- **Exercise goal**:
Count the lines below that contain "Digital". Give only the number.

*** Opening Exercise data ***

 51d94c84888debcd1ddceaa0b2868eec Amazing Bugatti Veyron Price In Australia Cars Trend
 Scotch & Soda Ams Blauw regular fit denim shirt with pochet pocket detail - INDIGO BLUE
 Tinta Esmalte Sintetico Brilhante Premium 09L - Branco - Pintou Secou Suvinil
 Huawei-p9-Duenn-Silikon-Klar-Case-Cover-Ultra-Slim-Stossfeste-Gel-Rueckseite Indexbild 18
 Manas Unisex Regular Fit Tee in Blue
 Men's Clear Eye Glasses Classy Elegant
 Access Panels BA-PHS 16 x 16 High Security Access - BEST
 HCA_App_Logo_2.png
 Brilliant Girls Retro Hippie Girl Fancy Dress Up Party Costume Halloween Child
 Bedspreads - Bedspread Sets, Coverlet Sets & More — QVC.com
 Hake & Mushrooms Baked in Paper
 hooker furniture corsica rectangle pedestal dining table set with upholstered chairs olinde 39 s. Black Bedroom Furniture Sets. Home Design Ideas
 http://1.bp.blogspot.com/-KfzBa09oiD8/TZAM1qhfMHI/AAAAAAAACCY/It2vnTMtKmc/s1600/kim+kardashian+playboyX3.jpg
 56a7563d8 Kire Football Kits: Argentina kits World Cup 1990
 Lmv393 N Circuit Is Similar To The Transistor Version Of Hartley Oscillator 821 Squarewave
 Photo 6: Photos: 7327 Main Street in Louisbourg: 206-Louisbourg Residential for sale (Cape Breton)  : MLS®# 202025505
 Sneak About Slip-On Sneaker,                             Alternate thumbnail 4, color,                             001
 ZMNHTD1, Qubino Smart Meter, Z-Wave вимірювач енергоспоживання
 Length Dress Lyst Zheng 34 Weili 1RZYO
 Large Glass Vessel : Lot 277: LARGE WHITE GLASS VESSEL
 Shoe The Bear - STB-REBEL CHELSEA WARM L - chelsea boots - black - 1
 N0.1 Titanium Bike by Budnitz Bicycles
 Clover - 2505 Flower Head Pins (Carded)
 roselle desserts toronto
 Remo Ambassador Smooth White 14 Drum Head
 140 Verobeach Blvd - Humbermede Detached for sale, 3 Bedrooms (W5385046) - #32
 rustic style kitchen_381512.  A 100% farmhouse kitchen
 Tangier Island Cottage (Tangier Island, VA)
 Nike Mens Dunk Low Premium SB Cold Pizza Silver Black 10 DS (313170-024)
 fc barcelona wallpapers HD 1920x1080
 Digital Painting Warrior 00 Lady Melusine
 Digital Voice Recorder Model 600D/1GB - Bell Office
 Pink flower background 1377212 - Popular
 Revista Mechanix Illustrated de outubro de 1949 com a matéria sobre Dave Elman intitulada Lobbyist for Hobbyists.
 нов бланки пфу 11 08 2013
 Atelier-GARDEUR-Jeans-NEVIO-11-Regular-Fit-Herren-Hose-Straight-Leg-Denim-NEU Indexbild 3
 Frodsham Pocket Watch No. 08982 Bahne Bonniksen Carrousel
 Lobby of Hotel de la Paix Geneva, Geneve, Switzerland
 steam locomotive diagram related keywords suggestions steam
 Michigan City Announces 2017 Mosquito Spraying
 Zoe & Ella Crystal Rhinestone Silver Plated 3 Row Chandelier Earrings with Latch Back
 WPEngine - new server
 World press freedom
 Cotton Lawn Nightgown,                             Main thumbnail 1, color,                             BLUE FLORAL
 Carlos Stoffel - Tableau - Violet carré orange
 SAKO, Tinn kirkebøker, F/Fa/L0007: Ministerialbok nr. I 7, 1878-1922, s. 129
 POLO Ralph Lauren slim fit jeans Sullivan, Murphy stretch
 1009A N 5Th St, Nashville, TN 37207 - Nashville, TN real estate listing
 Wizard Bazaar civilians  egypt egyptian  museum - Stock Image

*** Closing Exercise data ***

- **Exercise solution**:
2